TASK DIRECTIONS: How many lines in the data below contain the word "para"? State only the number.

SOURCE DATA:

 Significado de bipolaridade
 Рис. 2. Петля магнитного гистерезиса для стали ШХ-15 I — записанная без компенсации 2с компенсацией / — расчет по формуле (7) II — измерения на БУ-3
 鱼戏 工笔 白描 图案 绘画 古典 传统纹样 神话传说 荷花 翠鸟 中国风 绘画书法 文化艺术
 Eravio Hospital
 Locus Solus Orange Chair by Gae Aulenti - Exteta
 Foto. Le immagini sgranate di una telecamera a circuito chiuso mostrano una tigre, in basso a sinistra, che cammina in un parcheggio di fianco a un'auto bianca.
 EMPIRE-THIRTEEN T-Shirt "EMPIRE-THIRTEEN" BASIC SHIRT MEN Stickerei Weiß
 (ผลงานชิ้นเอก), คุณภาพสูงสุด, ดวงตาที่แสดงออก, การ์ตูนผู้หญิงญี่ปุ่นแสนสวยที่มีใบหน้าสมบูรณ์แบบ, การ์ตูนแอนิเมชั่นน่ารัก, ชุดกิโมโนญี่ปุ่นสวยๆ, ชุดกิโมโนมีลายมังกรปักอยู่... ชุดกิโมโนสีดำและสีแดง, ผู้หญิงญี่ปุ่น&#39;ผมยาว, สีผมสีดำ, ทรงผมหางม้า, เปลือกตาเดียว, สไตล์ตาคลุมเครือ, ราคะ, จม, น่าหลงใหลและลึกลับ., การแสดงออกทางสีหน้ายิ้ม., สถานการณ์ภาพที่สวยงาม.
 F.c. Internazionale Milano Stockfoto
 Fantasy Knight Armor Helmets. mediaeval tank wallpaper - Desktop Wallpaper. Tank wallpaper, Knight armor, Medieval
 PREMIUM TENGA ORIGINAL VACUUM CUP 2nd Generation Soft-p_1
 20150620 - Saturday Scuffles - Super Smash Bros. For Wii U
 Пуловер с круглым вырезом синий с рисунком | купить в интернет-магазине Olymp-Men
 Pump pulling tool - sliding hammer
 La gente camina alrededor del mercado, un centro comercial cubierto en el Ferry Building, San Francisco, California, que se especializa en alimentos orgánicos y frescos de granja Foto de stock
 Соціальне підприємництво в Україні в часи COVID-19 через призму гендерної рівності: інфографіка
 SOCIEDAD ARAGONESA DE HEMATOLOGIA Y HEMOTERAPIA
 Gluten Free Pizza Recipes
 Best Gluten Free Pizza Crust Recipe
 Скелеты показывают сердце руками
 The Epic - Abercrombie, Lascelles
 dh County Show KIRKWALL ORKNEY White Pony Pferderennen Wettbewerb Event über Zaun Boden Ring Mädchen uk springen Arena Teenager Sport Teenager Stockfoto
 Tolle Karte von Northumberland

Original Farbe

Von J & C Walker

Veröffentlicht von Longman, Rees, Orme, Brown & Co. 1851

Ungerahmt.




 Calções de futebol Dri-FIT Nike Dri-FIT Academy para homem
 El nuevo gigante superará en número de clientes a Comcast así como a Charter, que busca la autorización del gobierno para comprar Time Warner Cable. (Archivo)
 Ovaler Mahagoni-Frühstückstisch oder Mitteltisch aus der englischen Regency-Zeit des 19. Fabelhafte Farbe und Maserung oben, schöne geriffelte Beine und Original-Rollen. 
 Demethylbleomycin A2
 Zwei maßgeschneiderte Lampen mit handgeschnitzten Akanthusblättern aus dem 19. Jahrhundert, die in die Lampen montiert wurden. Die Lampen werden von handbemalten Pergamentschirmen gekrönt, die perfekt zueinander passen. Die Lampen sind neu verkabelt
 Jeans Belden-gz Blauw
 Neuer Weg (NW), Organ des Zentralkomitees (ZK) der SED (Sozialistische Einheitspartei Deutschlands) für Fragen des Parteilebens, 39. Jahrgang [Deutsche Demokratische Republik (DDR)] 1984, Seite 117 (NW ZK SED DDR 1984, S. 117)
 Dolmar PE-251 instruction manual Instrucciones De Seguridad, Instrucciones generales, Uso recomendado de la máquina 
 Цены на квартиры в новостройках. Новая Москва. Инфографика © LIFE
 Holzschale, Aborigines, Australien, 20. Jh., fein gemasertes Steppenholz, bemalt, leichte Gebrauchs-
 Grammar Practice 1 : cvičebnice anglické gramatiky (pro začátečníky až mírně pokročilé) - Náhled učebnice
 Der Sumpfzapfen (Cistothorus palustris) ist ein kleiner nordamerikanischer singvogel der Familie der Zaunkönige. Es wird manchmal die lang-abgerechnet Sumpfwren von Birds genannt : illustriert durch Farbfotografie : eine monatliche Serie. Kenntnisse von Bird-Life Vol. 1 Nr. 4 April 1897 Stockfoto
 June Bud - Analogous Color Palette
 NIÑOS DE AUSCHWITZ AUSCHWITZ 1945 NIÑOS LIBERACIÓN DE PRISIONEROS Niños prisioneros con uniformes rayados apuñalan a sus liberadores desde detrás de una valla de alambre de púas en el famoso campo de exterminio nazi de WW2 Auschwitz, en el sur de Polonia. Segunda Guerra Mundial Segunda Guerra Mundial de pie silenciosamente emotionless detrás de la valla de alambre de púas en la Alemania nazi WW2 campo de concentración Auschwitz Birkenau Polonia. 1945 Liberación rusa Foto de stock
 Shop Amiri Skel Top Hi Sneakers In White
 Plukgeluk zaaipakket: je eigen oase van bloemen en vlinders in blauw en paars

SOLUTION BELOW: 2